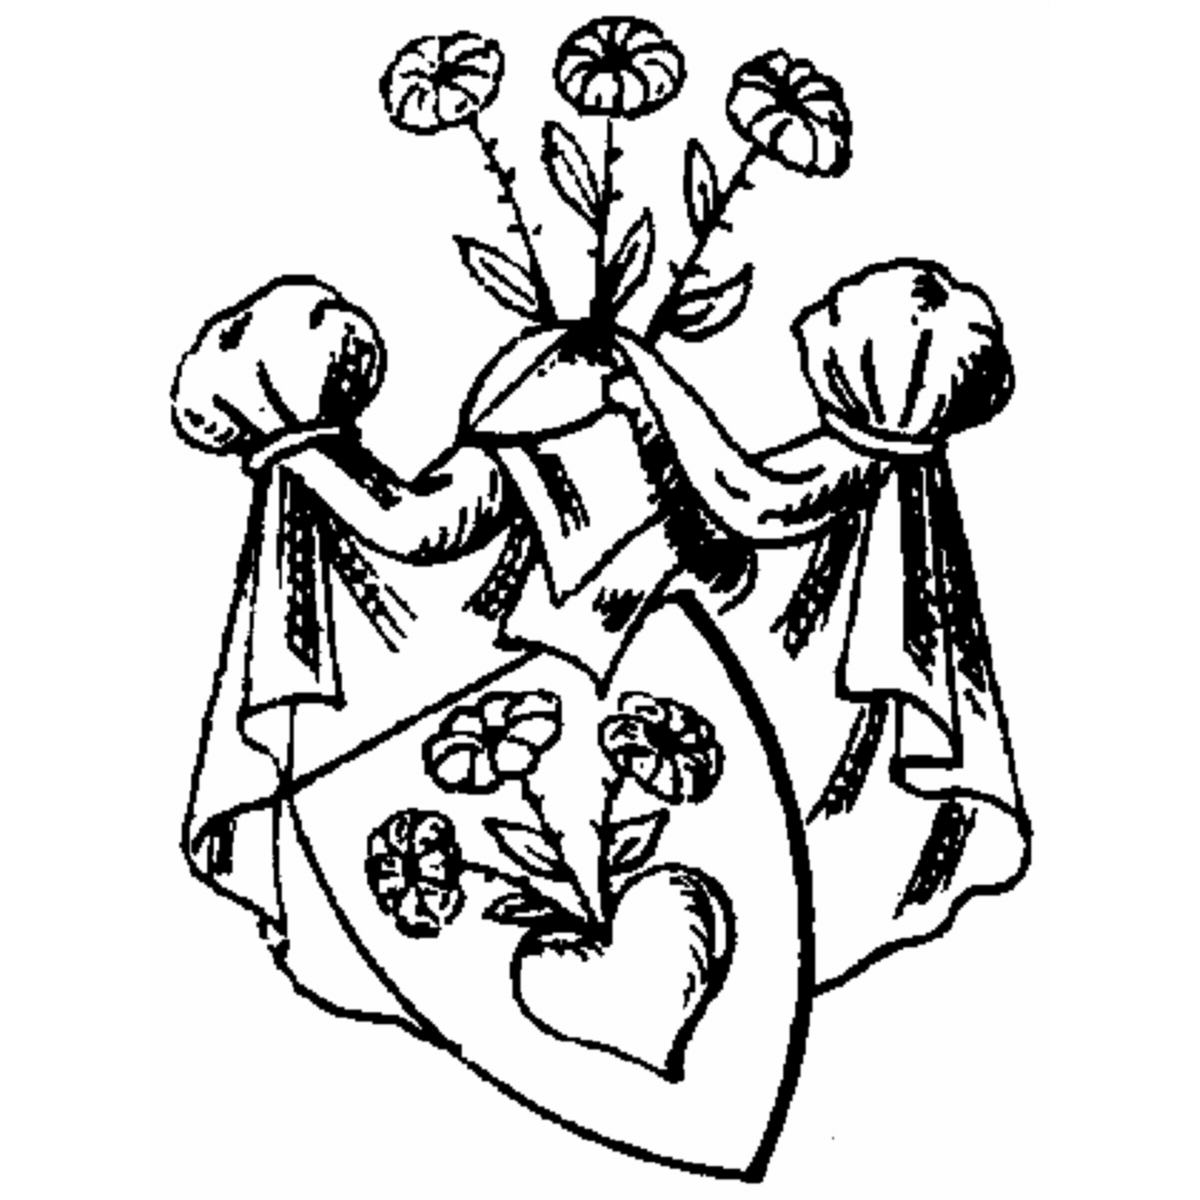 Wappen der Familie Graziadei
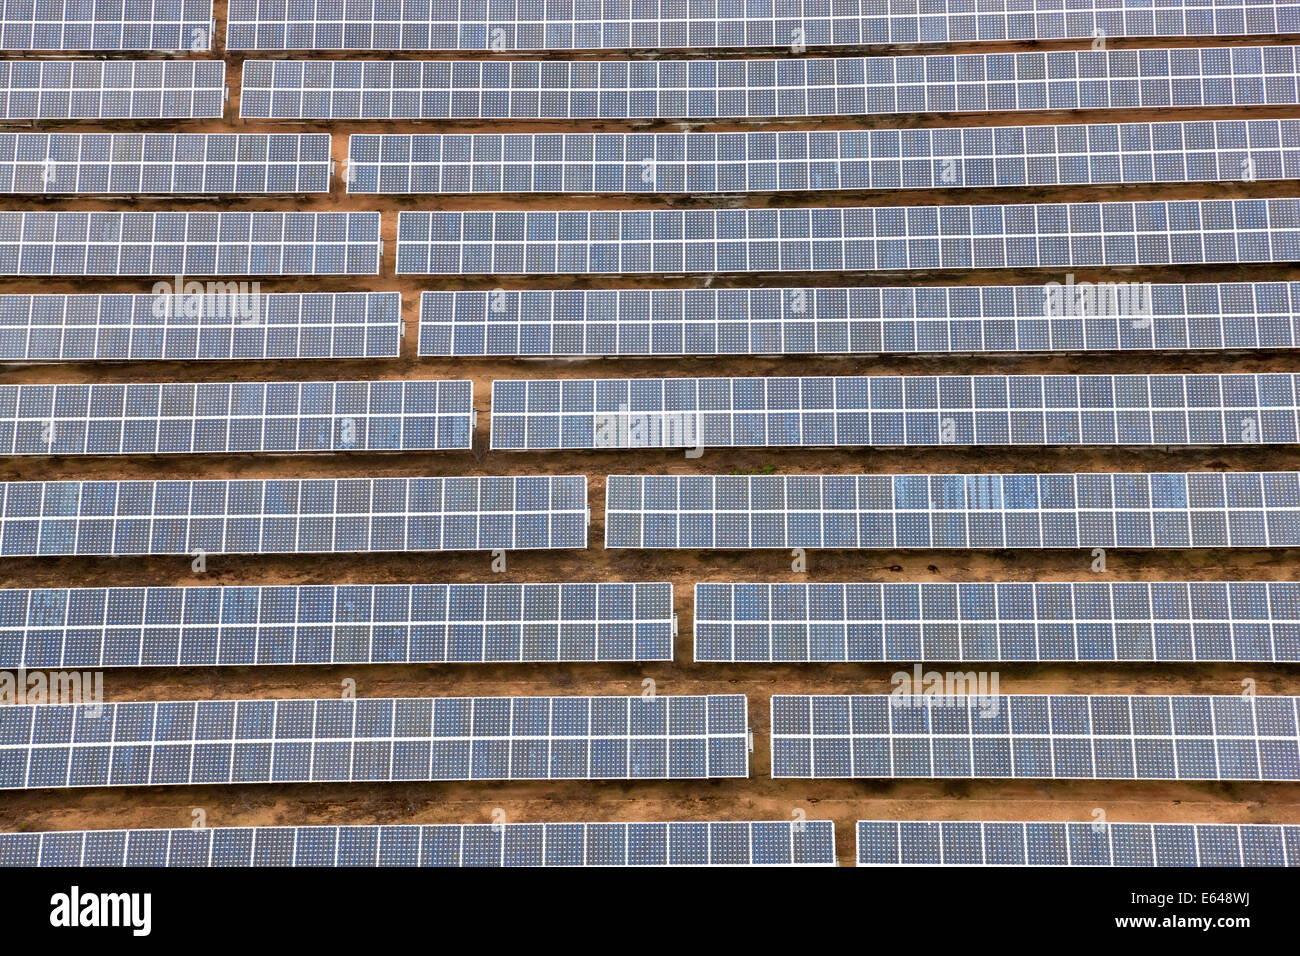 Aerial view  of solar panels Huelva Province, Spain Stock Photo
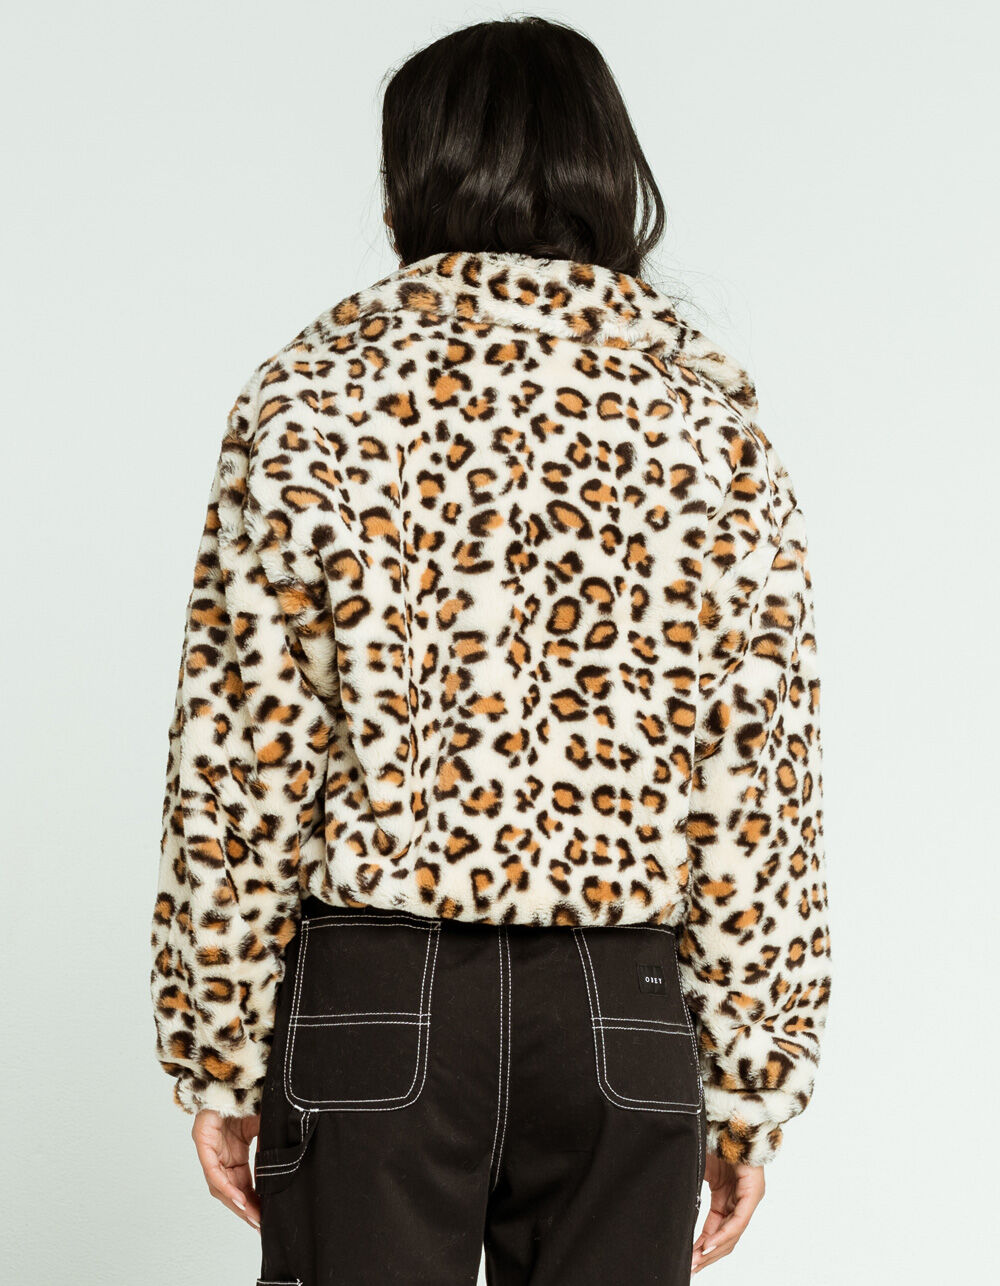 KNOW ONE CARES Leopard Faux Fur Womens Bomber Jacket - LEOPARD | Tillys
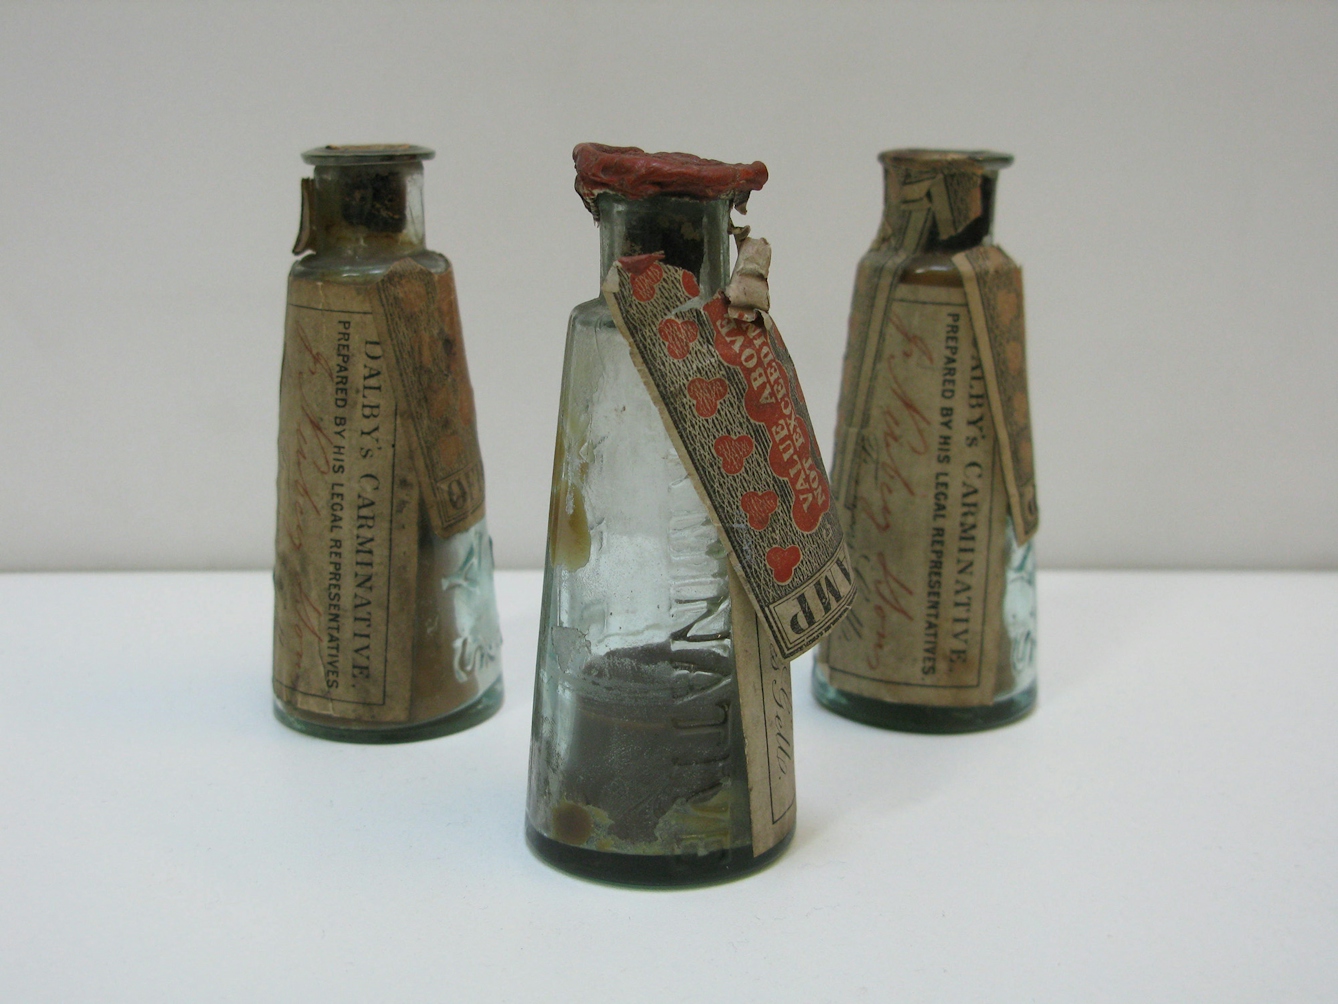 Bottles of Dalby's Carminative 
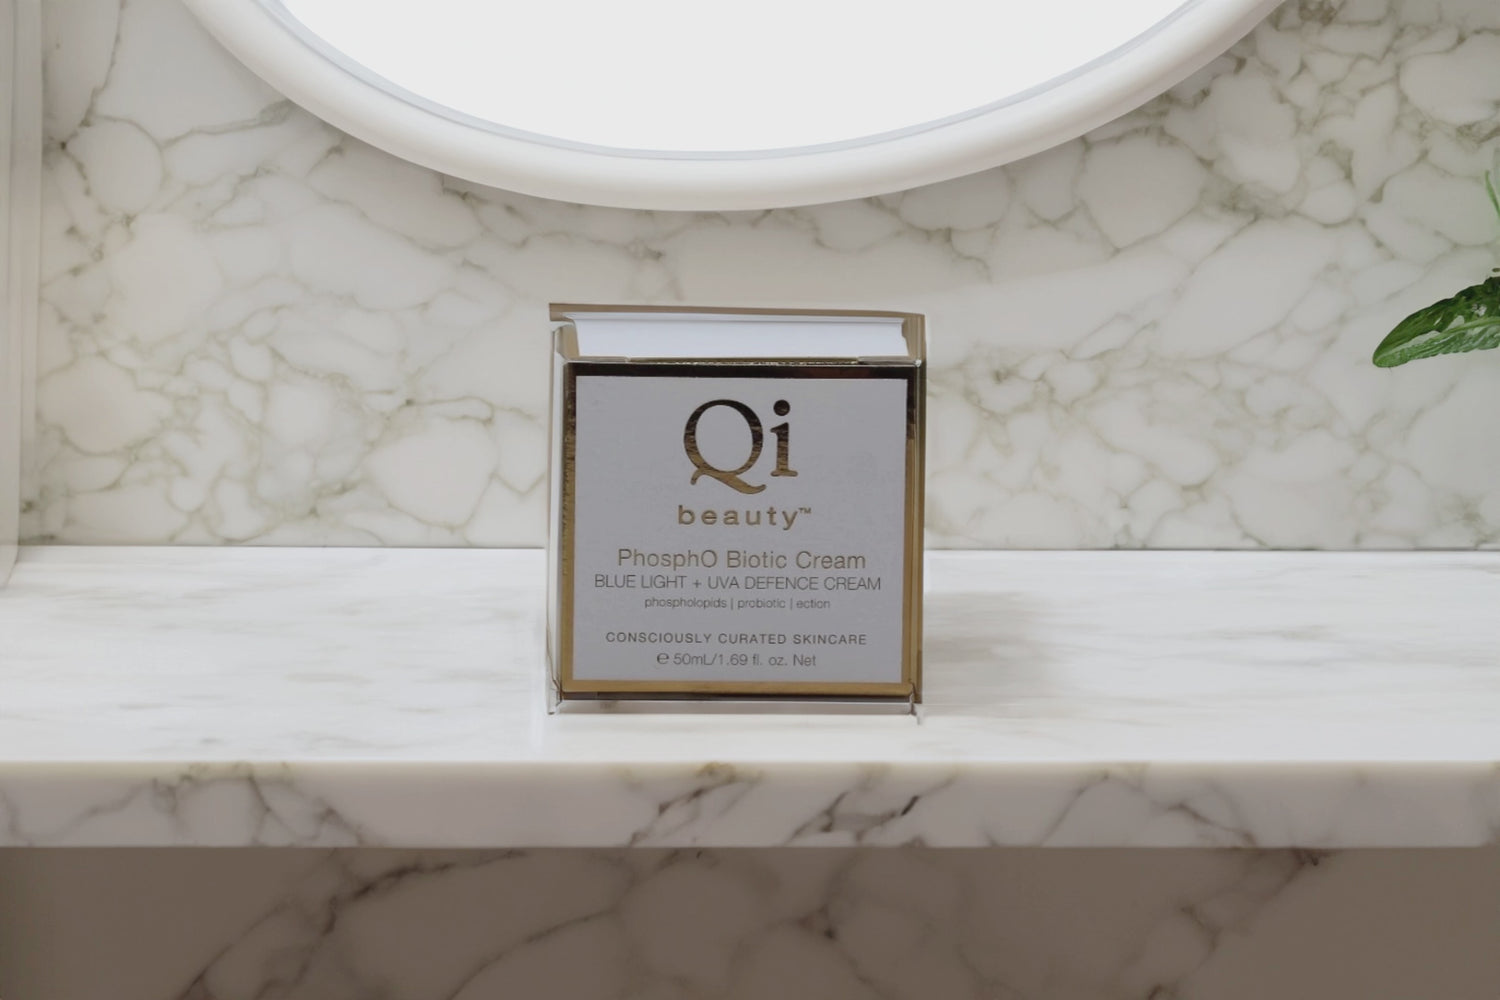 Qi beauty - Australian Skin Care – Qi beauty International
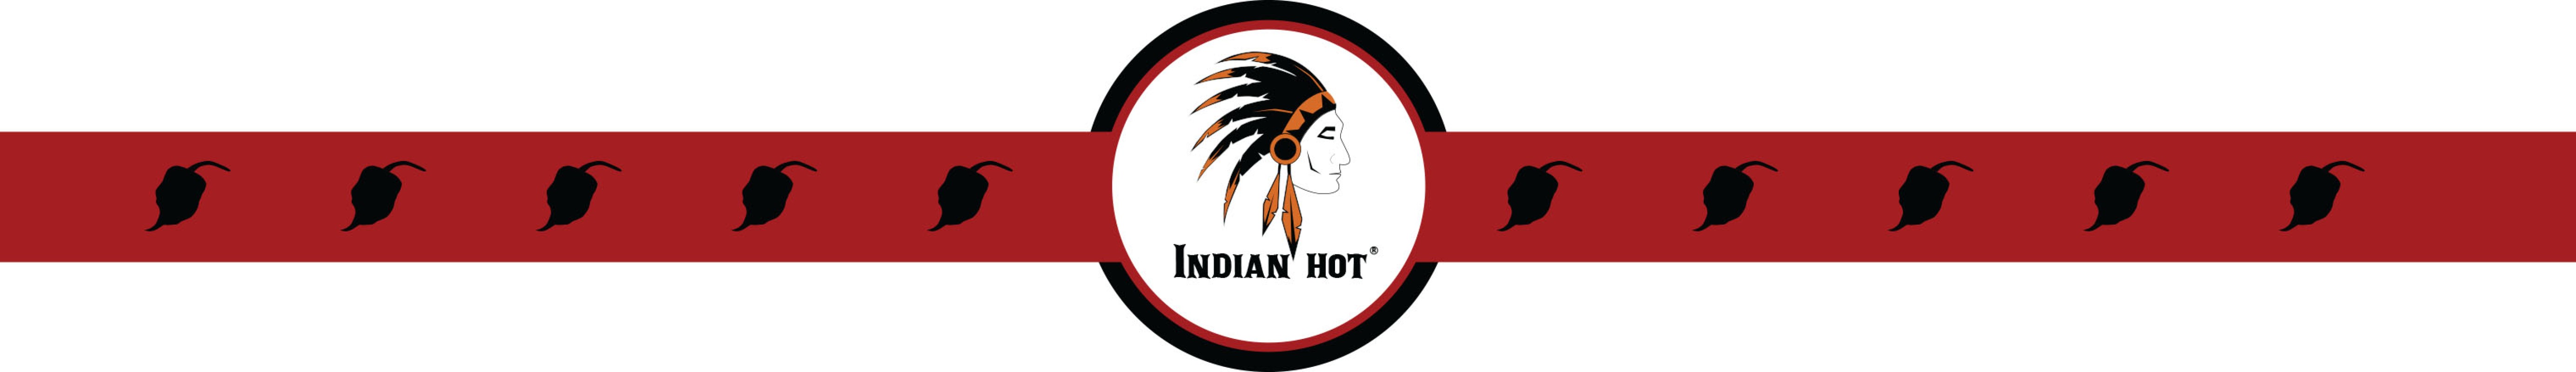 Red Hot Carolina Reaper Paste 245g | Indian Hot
__________________________________________________
**Task to carry out**
Transcribe exactly the span of lines that opens with the line holding "Qi beauty - Australian" and closes with the last line of the entries above. Omit pictures.

**Output below**
 Qi beauty - Australian Skin Care – Qi beauty International
 Red Hot Carolina Reaper Paste 245g | Indian Hot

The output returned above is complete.